2.3. Product characteristics

The testing product (Bactoblis®), in accordance with Italian law no. 169/2004, was notified to the Minister of Health in July 2011 (registration no. 53435) and registered as a food supplement. It contains, at the time of manufacturing, 5 billion CFU/tablet of S. salivarius K12 ATCC BAA-1 024 (BLIS Technologies Ltd., New Zealand) and has been manufactured by S.I.I.T. (Trezzano sul Naviglio, Milan, Italy) in the form of a round-shaped, vanilla-flavoured, slowly dissolving tablet. The placebo product was realised in the same form, colour, consistency, solving time, and flavour but with the complete absence of probiotic bacteria.

2.4. Saliva samples collection and analysis

Saliva samples were collected in the morning (between 8:00 and 9:00), at the following moments: before and after 30 days of S. salivarius K12 administration, and immediately, 24h and 72h after the last exercise training session. Saliva samples were taken by the oral fluid collector (OFC) swab (Soma Bioscience, Wallingford, United Kingdom) following the manufacturer’s instructions (34). Briefly, the OFC swab was put on the top of the tongue until the indicator on the stem turned blue (typically after 1-4 min). During sampling, participants were asked to perform minimal orofacial movement and not suck the swab. The OFC swab collected 0.5 ml of saliva.

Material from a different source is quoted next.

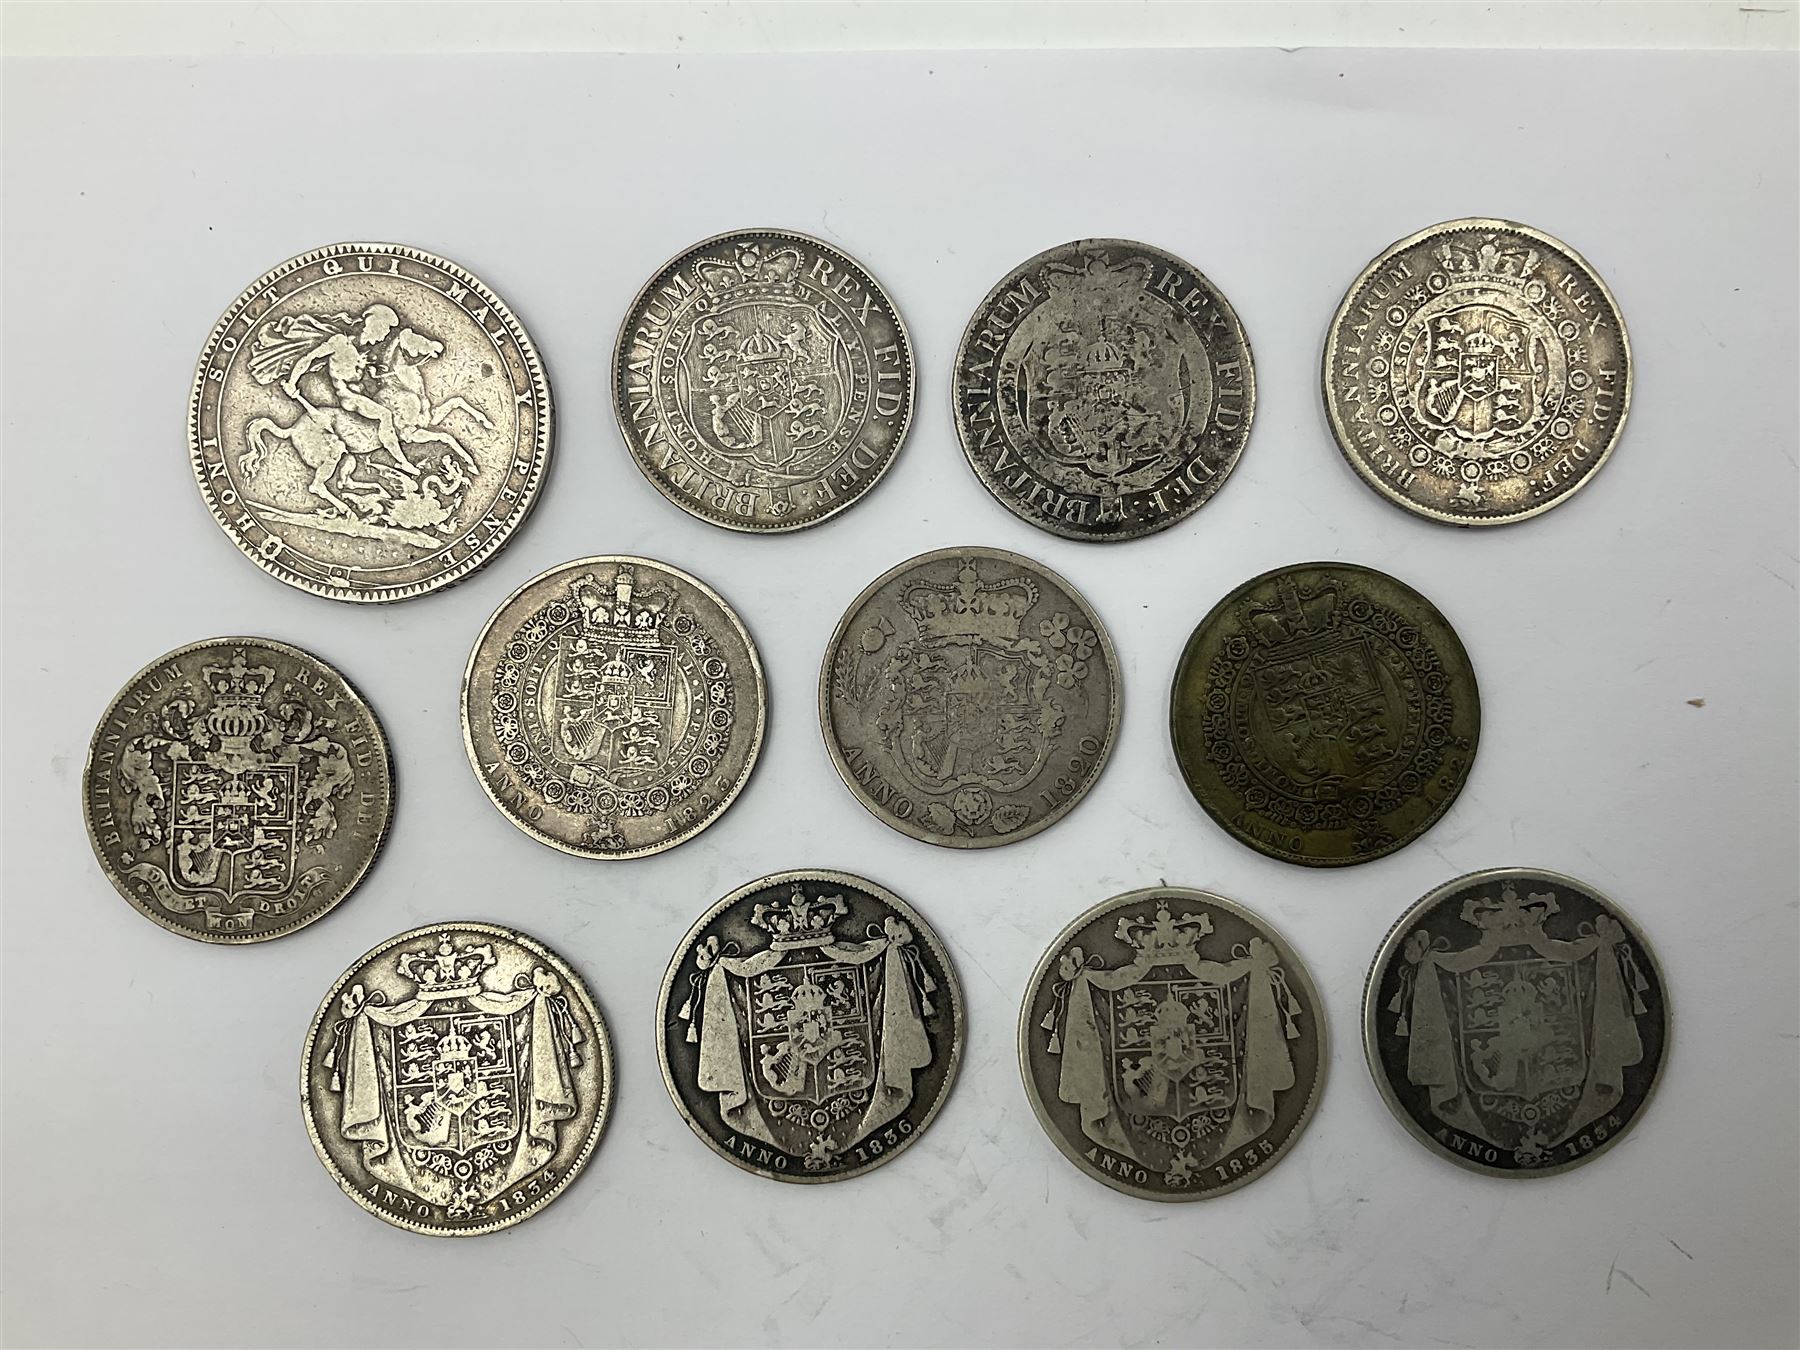 King George III 1819 silver crown coin with twelve half crowns of George III - Image 3 of 3

The whole swab was then placed in the bottle containing the OFC buffer solution and gently mixed by rotation for 10 min at room temperature using a hybridisation oven/shaker (Amersham Biosciences Europe GmbH, Milan, Italy). Three drops of the saliva/buffer mix were added to the sample window of the SOMA sIgA & Cortisol lateral flow device (LFD) and incubated at room temperature for 15 min. The LFD was scanned using the SOMA Cube reader. The sIgA secretion rate was determined by multiplying the saliva flow (0.5 mL × min-1) by the sIgA concentration (µg × mL-1). All saliva samples were collected after an overnight fast, and participants were asked not to chew gum or brush their teeth before testing to reduce saliva measurement error. Furthermore, volunteers were prohibited from consuming alcoholic beverages or caffeine for 24 hours before saliva collection.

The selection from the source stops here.